12. On the basis of testimony it received and of its own observations the Special Commission could not avoid the conclusion that the December massacre-reinforced by such measures as an expansion of the armed forces, inauguration of a popular militia and the announcement of legislation threatening criminal penalties for the dissemination of literature deemed subversive--has utterly silenced those sectors of the population opposed to continuation of a non-democratic government with power centralized in the hands of Lieutenant Colonel Desire Bouterse, and has in general created an environment marked by intense fear. This environment itself undermines whatever institutional protection may still exist for the right to physical integrity and the functionally associated right to due process of law.

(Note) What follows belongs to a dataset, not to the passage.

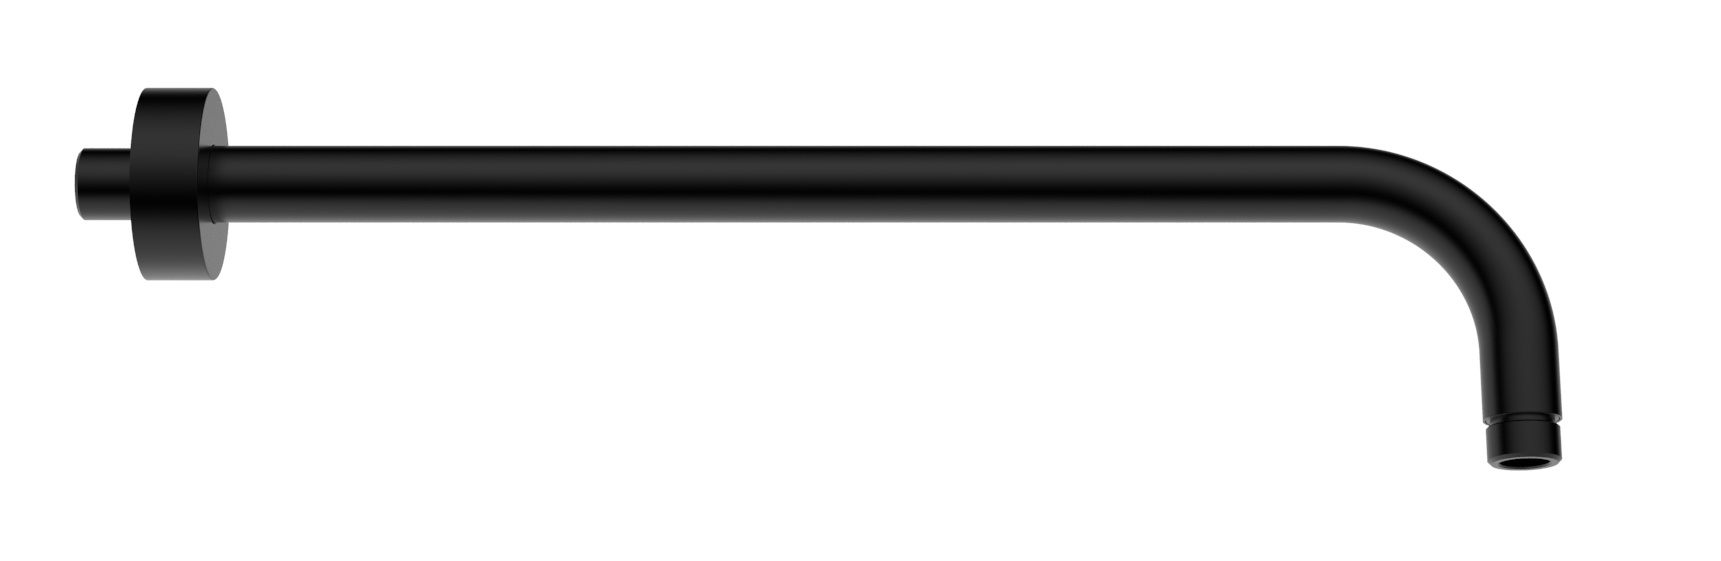 Brausearm AqvaDesign - rund - 1/2″ AG × 1/2″ AG × 400 mm - Rosette - mattschwarz

Effective organizations of the legal profession no longer exist in Suriname. The victims Eddy Hoost, a former Minister of Justice, and Kenneth Gonsalves, head of the Suriname Bar Association, as well as John Baboeram and Harold Riedewald were all lawyers. In defending the perpetrators of the March 1982 coup attempt they had argued in court that one could not be guilty of a crime in attempting to overthrow an illegitimate government, that is, one which had seized power by force of arms. It appears that at the present time no lawyer will defend a person accused of crimes against state security. Illustrative of the problem is the case of Mr. Hardjoprajitno. Mr. Hardjoprajitno, in detention since January 30, 1983, is accused of having cooperated in a murder plot with Major Horb against Lieutenant Colonel Bouterse. Major Horb and Mr. Hardjoprajitno, were respectively numbers 2 and 4 in the chain of command in the 16-man group which seized power on 25 February 1980.2 The family and friends of Mr. Hardjoprajitno have asked seven lawyers to defend him. All have refused alleging the lack of guarantees. When one lawyer did agree to defend him, he was reportedly threatened. He did, in any event, withdraw from the case.

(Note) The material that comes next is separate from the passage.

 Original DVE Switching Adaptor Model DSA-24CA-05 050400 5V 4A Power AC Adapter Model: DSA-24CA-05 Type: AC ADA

13. In cases such as this one where, after an exhaustive evaluation of the evidence, the Commission is absolutely convinced that grave violations of the rights to life and personal security have occurred, it normally follows with a recommendation for investigation of the crimes committed by public officials, the prosecution of those responsible and their punishment with all the rigor of the law. It has tended to make such a recommendation even after concluding that the highest officials of the government were directly or indirectly responsible.

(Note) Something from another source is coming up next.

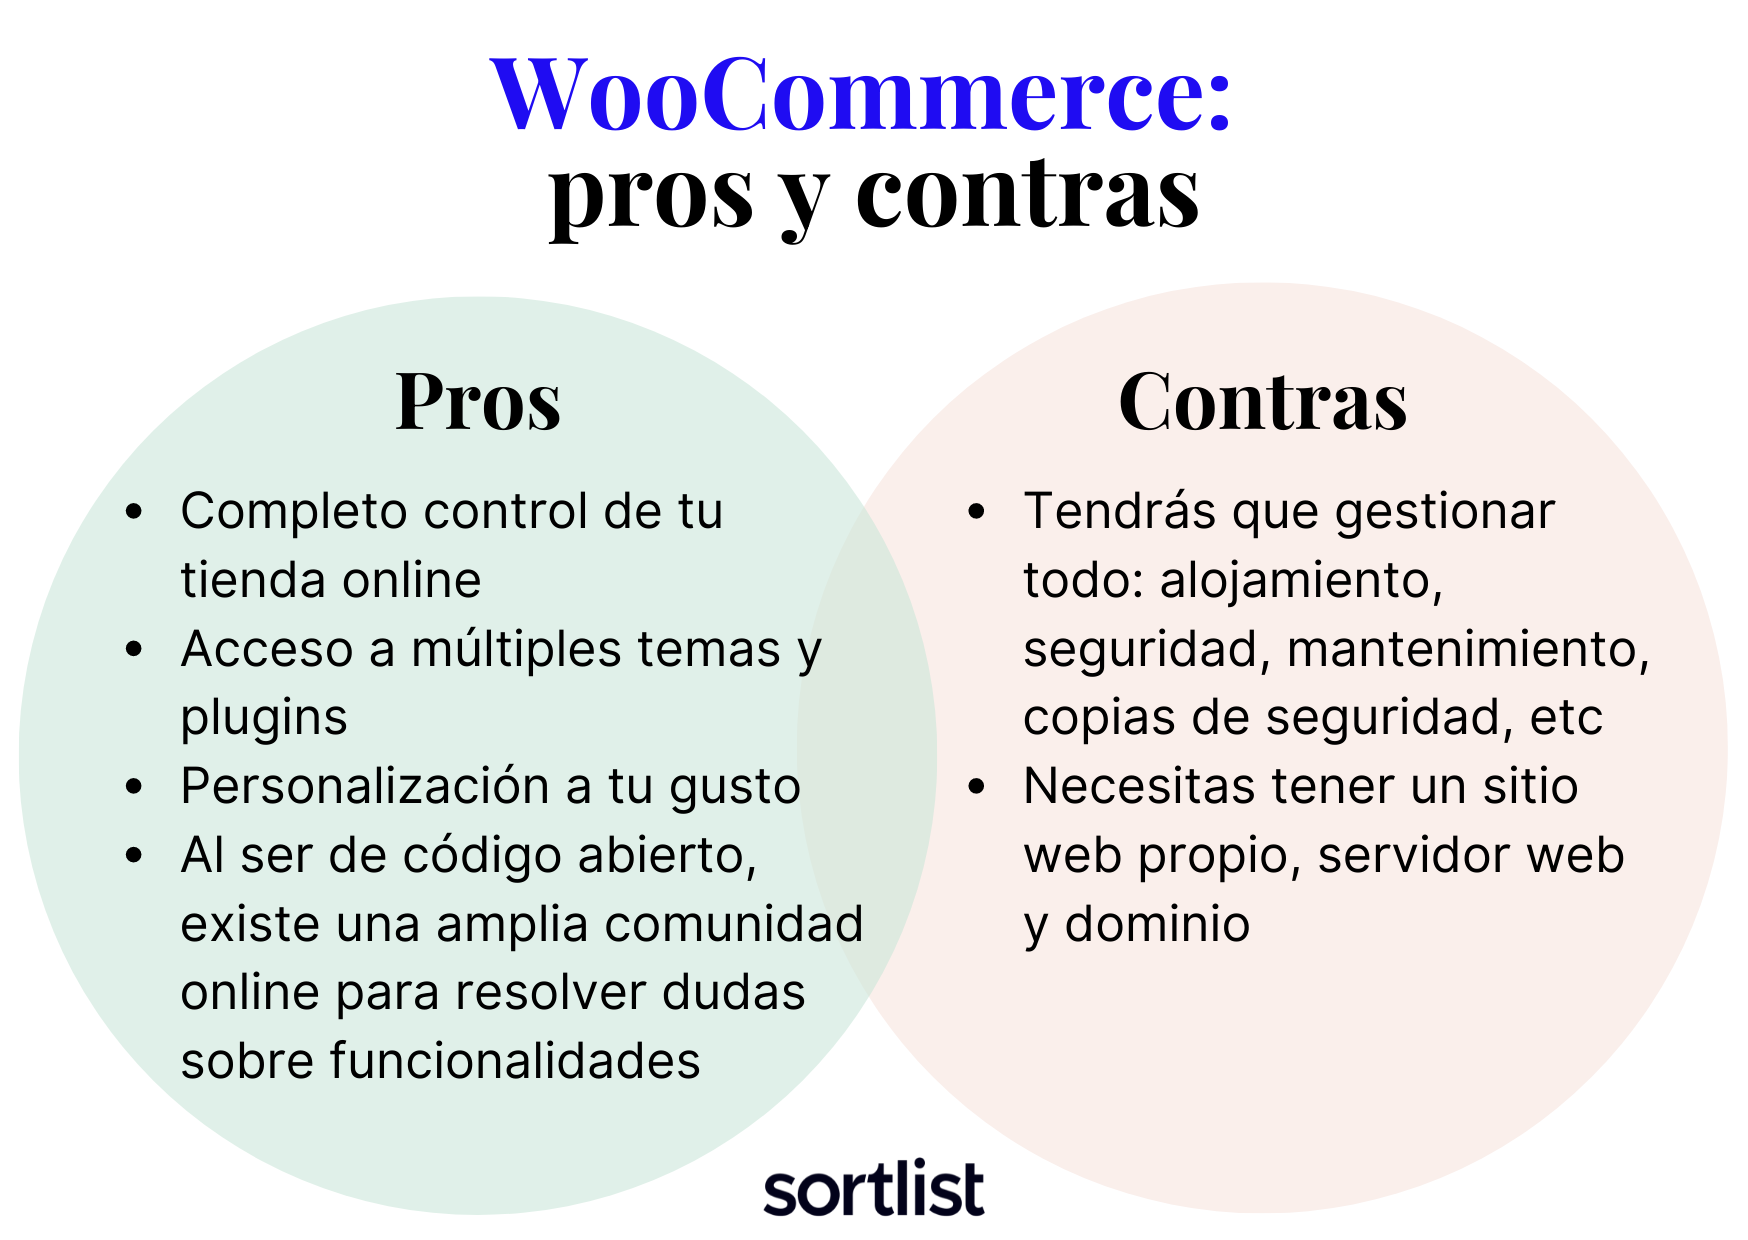 Woocommerce vs shopify: pros y contras de woocommerce

Persons familiar with the Commission's reports and the legal tradition of the hemisphere recognize that a recommendation for investigation, prosecution and punishment made in those circumstances is, n reality, an appeal to the conscience of the persons responsible, an implicit condemnation of their behavior, and a declaration of the moral responsibility of future governments to take measures which as a practical matter are precluded so long as the perpetrators of state terror remain in office. The Commission recognizes, however, that non-lawyers may find a certain inconsistency between the conclusion that the highest or at least most powerful officials of government are responsible for grave violations of human rights and the recommendation that the government, which as a practical matter is those officials, should prosecute and punish the responsible persons.



1 Report of ICJ Mission to Suriname. International Commission of Jurists.

2 Mr. H.A. Fernandez, No. 3, was killed in an airplane crash in 1982.